Carson led a team that developed a 3D model of an ovary—developed in a specially designed mold—which could bring them to maturity. “We needed a system to mature eggs better, and this also allowed us to look at the physiological process of how the ovary works,” she says of the project, which was chosen by “Time” magazine as one of the top 10 medical breakthroughs of 2010. Today, the artificial ovary she worked on is used to study the effects of environmental toxins on egg maturation and health.

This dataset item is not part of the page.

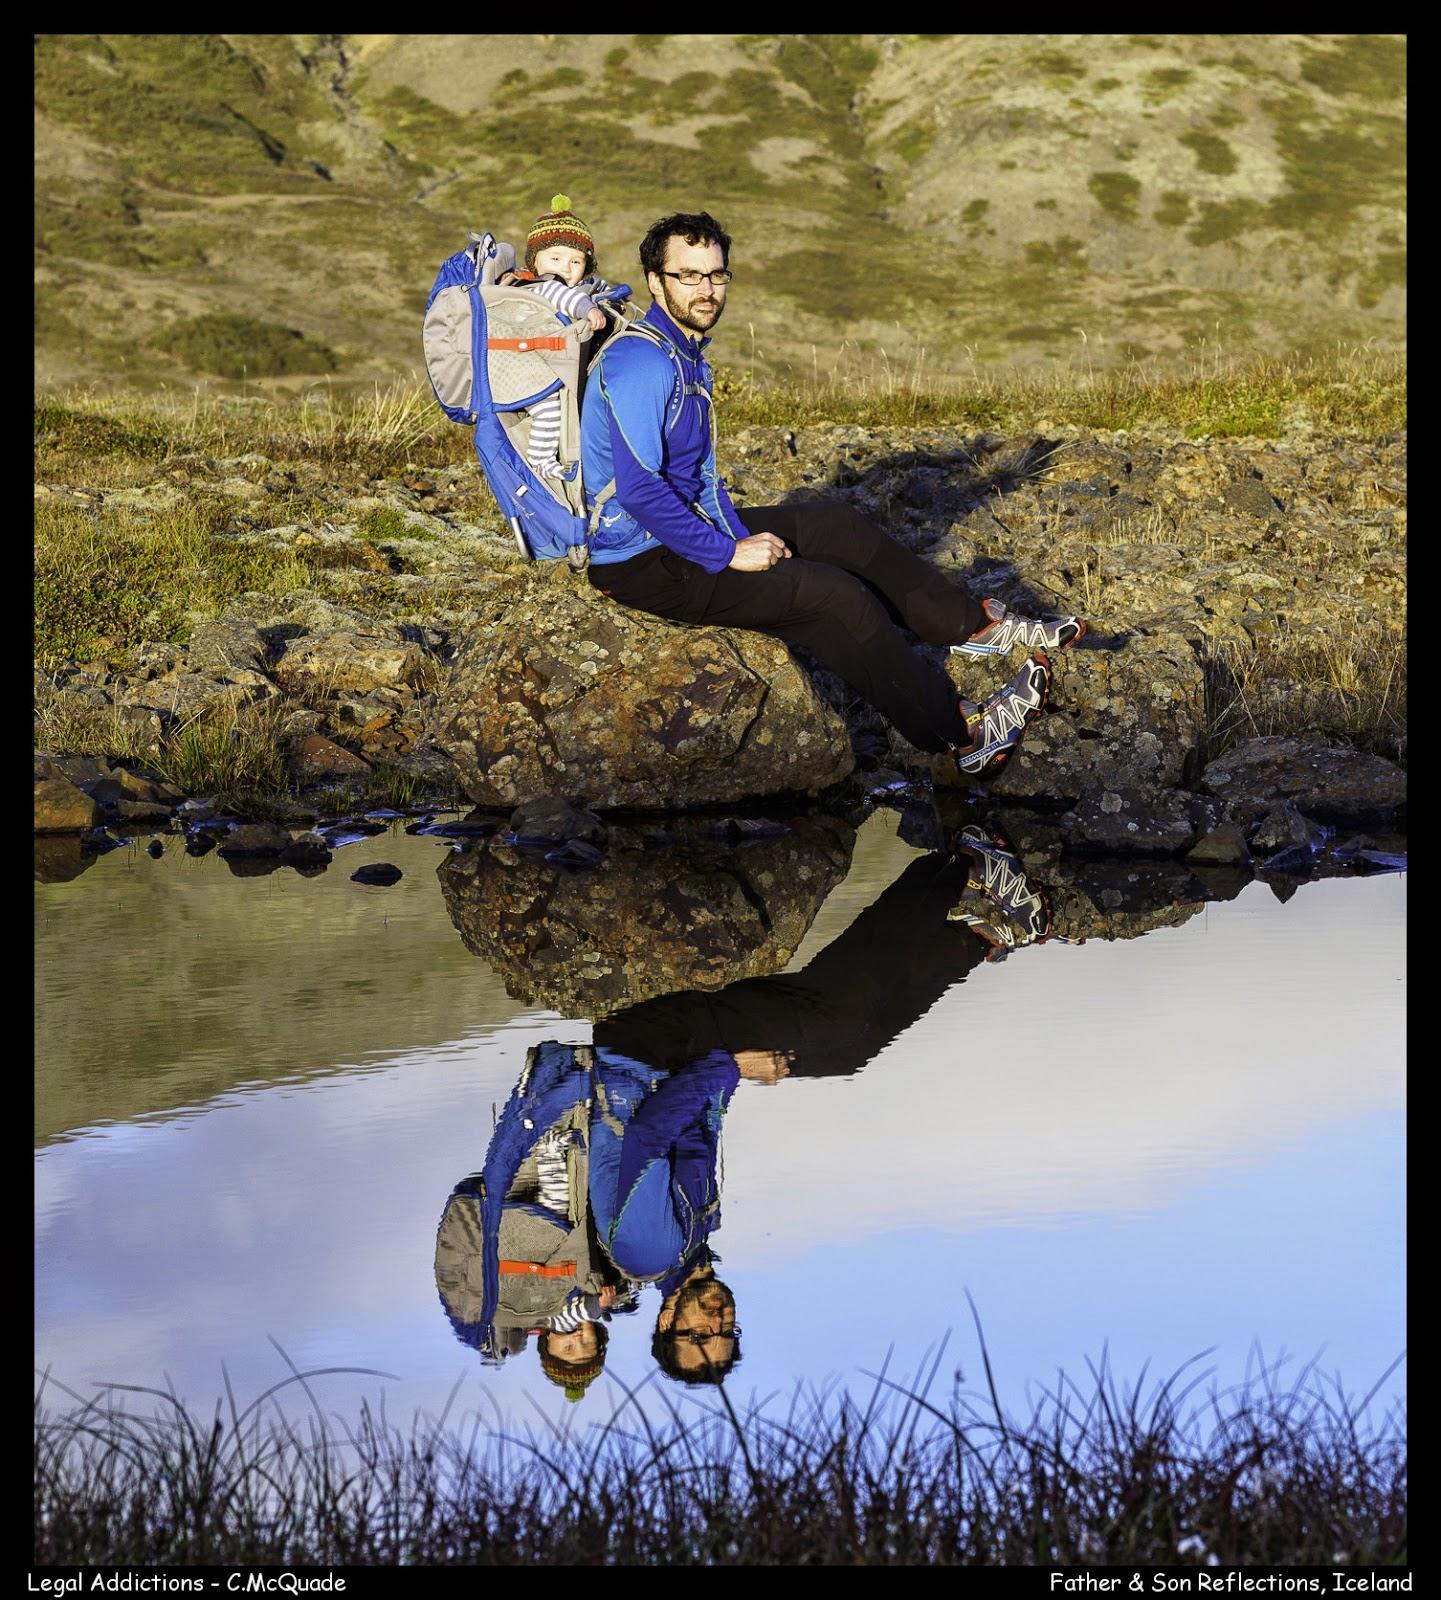 reflections%2Bme%2Band%2Bliam%2Biceland-20147355.jpg
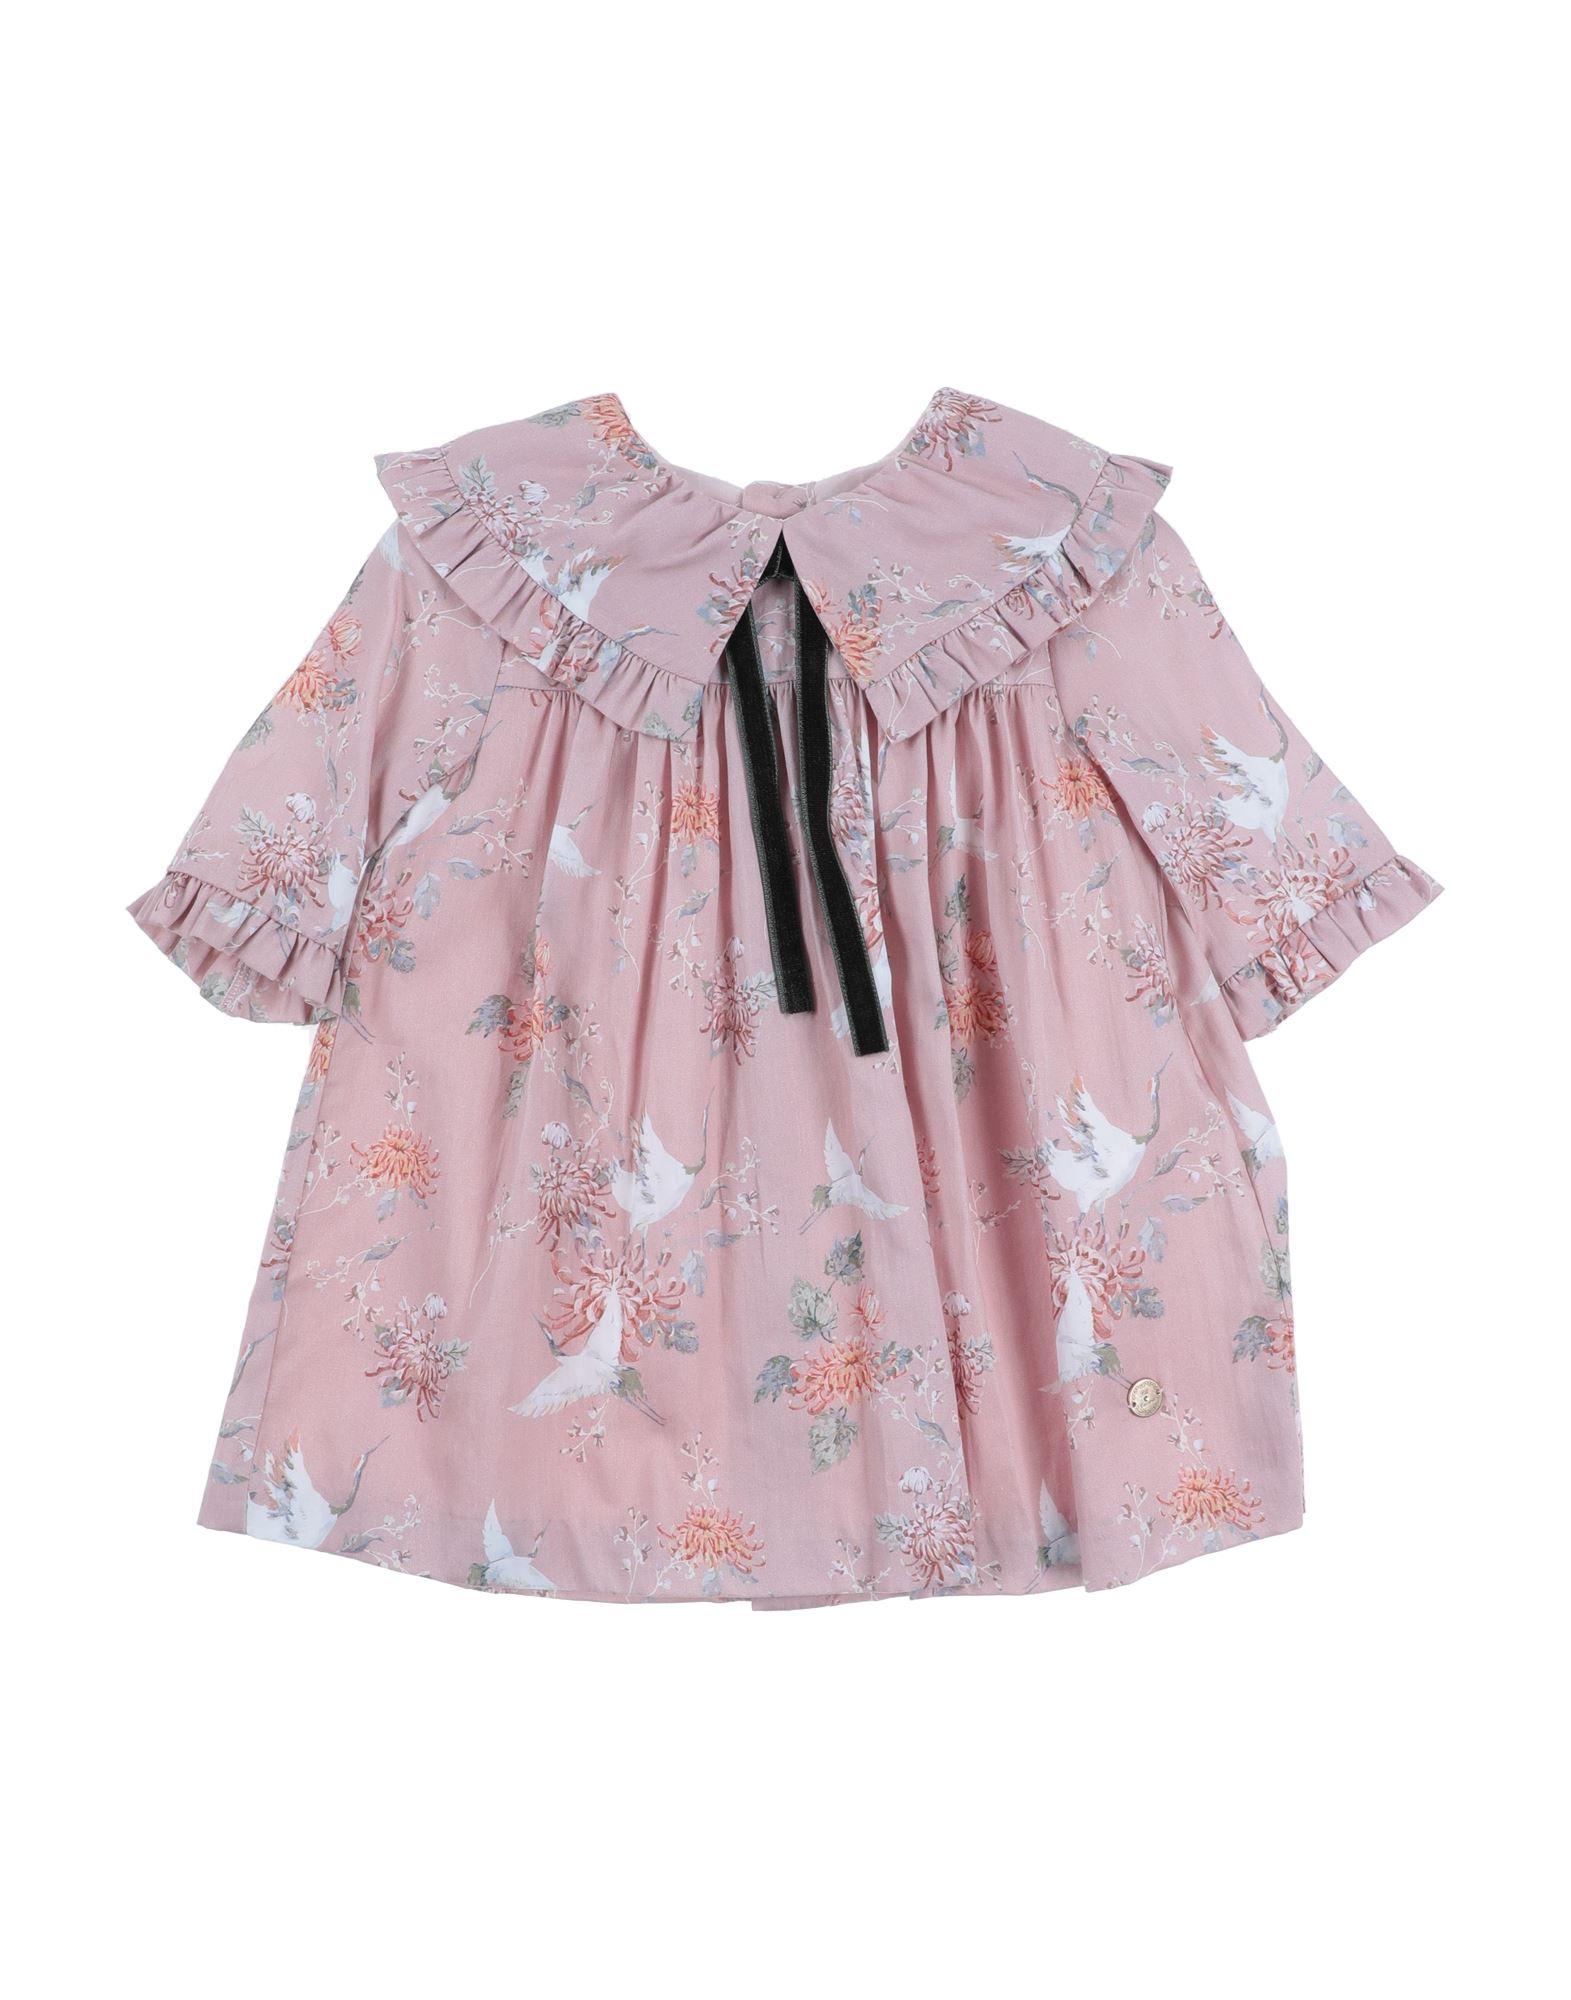 PILI CARRERA Dresses - Item 15125995

Next, Carson moved to the American College of Obstetricians and Gynecologists (ACOG) in Washington, D.C., where she served as vice president for education from 2013 to 2019. “I had a wonderful career as an Ob/Gyn and loved it, but there were a number of challenges facing the field, especially in education,” Carson says of her career move. During her tenure, she changed the format of the organization’s educational meeting, organized a summit for women’s health, addressed the meaning of specialization within the field, and updated the core curriculum for residency training among other goals.

How did she end up in New Haven? According to Carson, she missed seeing patients, as well as the intellectual stimulation of working at a university. “I also missed New England, which is home, and I was really happy to be part of a terrific team here at Yale,” says Carson.

Meanwhile, she continues her research. Carson is co-inventor of a catheter that flushes embryos out of women before they implant. “This way, we can do genetic testing on [an embryo] and return it without a woman needing to do IVF,” she says. This project is currently moving into Phase III clinical trials with the U.S. Food and Drug Administration (FDA).

The catheter project is one of many for Carson, who holds 14 patents for devices used in fertility and surgery, and has authored or co-authored more than 140 peer-reviewed publications. She served as a principal investigator in the Reproductive Medicine Network of the Eunice Kennedy Shriver National Institute of Child Health and Human Development, among other high-profile research roles. She has also provided expert advice on the national level, including serving on and chairing the FDA’s Fertility and Maternal Health Drugs Advisory Committee.

None of her many roles as an Ob/Gyn, research-scientist, educator, and leader have ever been a “job” to Carson. “I’ve been so happy that I’ve never felt like I had to go to work. Instead, it’s been like a day-to-day calling, working on something vital and interesting,” she says. “A lot of that has to do with those around me. Ob/Gyns are a wonderful group of people.”